═══ Provided data
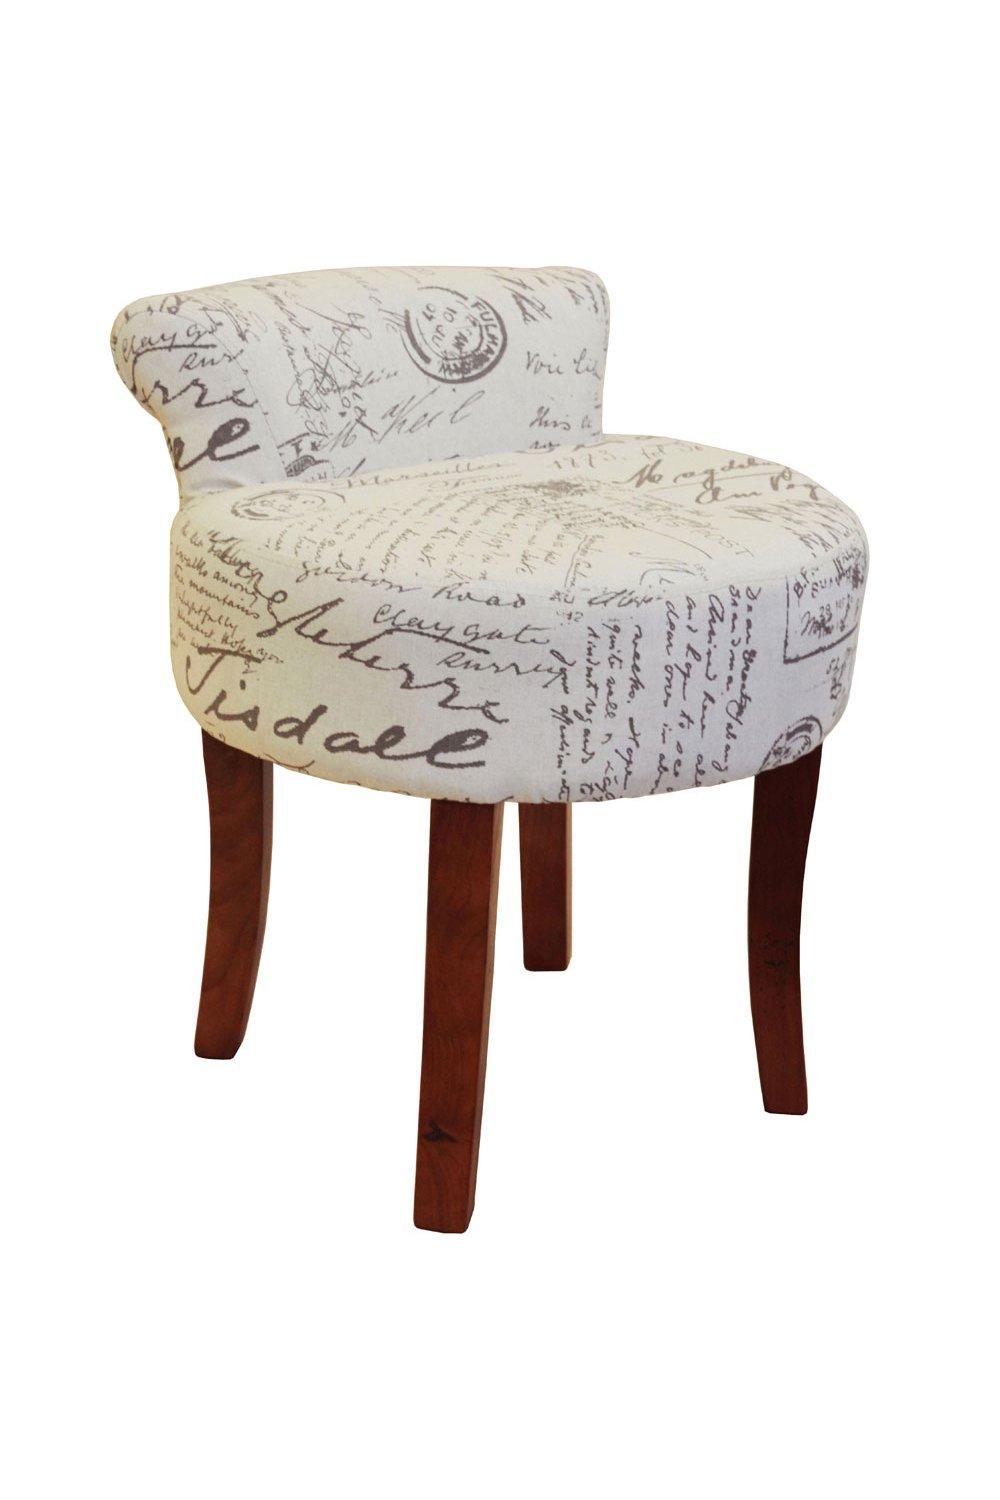 'Lyon' - Low Back Chair  Padded Stool With Retro French Print And Wood Legs - Cream  Brown
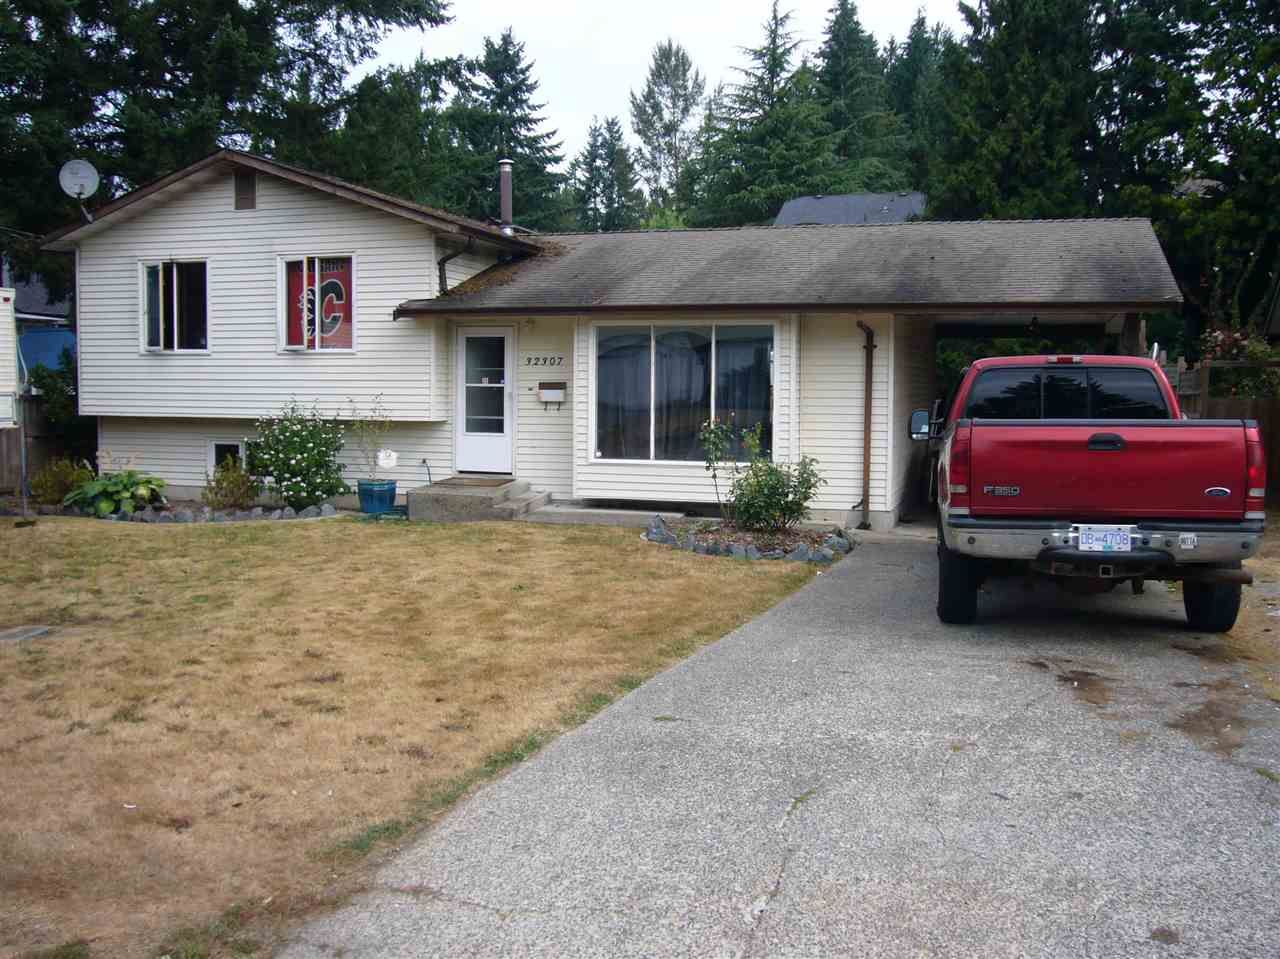 Main Photo: 32307 14TH Avenue in Mission: Mission BC House for sale : MLS®# R2196901
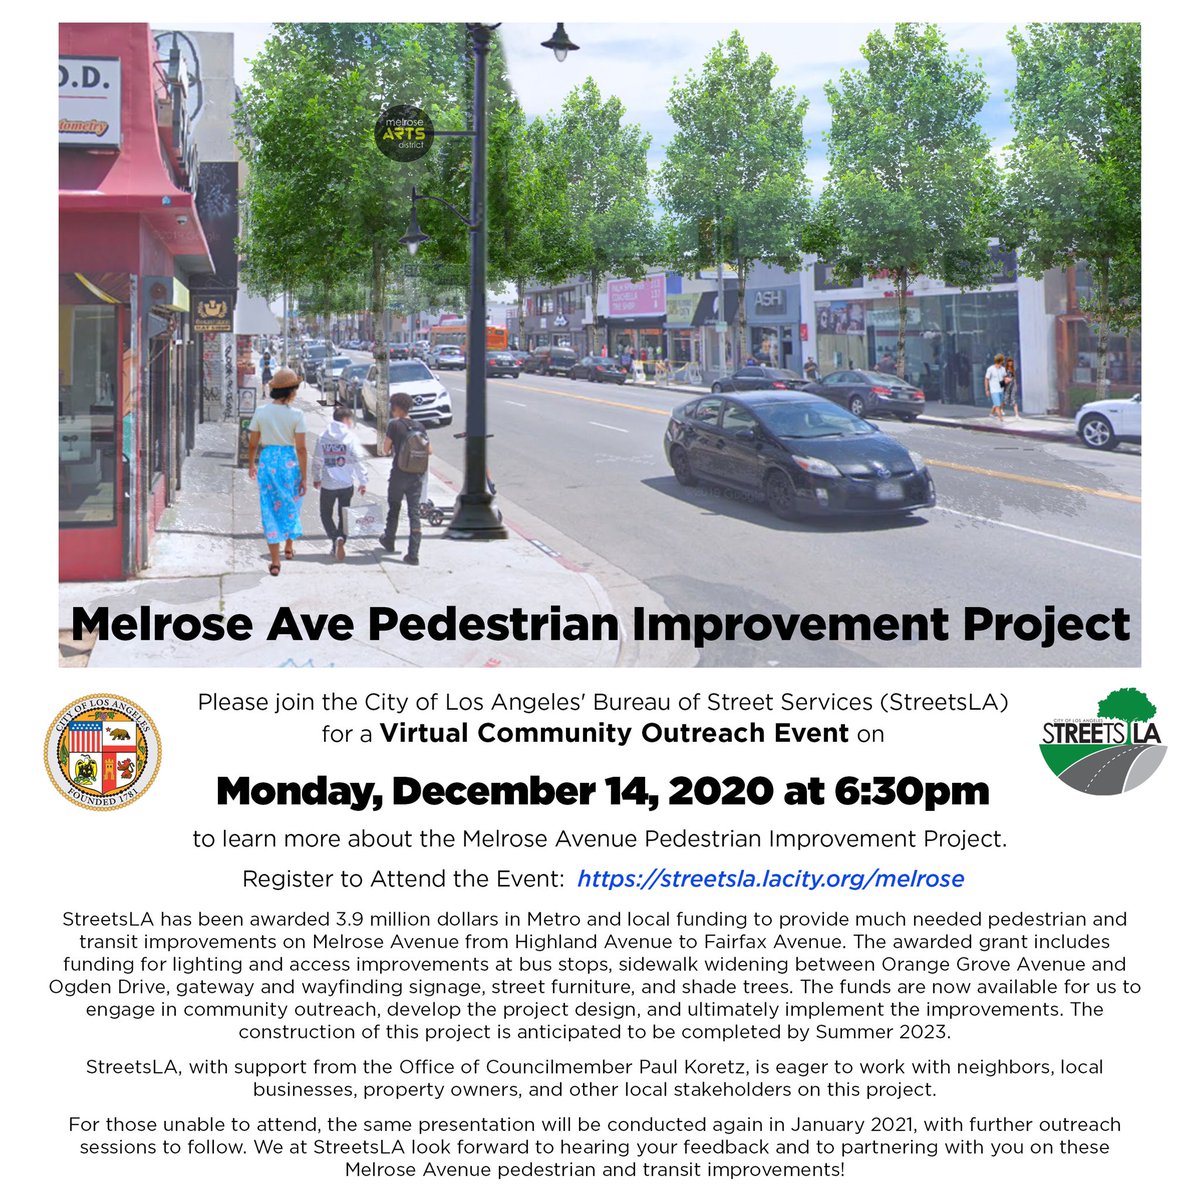 Please join us TONIGHT for a Virtual Community Outreach Event. Monday, December 14, 2020 at 6:30pm, to learn more about the Melrose Avenue Pedestrian Improvement Project.  Register to Attend the Event: streetsla.lacity.org/melrose @GMsTREEtsLA1H2O @LACityDPW #cd5 @PaulKoretzCD5
══════
:: What the task requires ::
Repeat only the lines from the one holding "Main Photo: 32307" through the last line of the data, inclusive. Keep the pictures out.

:: Task solution ::
 Main Photo: 32307 14TH Avenue in Mission: Mission BC House for sale : MLS®# R2196901
 Please join us TONIGHT for a Virtual Community Outreach Event. Monday, December 14, 2020 at 6:30pm, to learn more about the Melrose Avenue Pedestrian Improvement Project.  Register to Attend the Event: streetsla.lacity.org/melrose @GMsTREEtsLA1H2O @LACityDPW #cd5 @PaulKoretzCD5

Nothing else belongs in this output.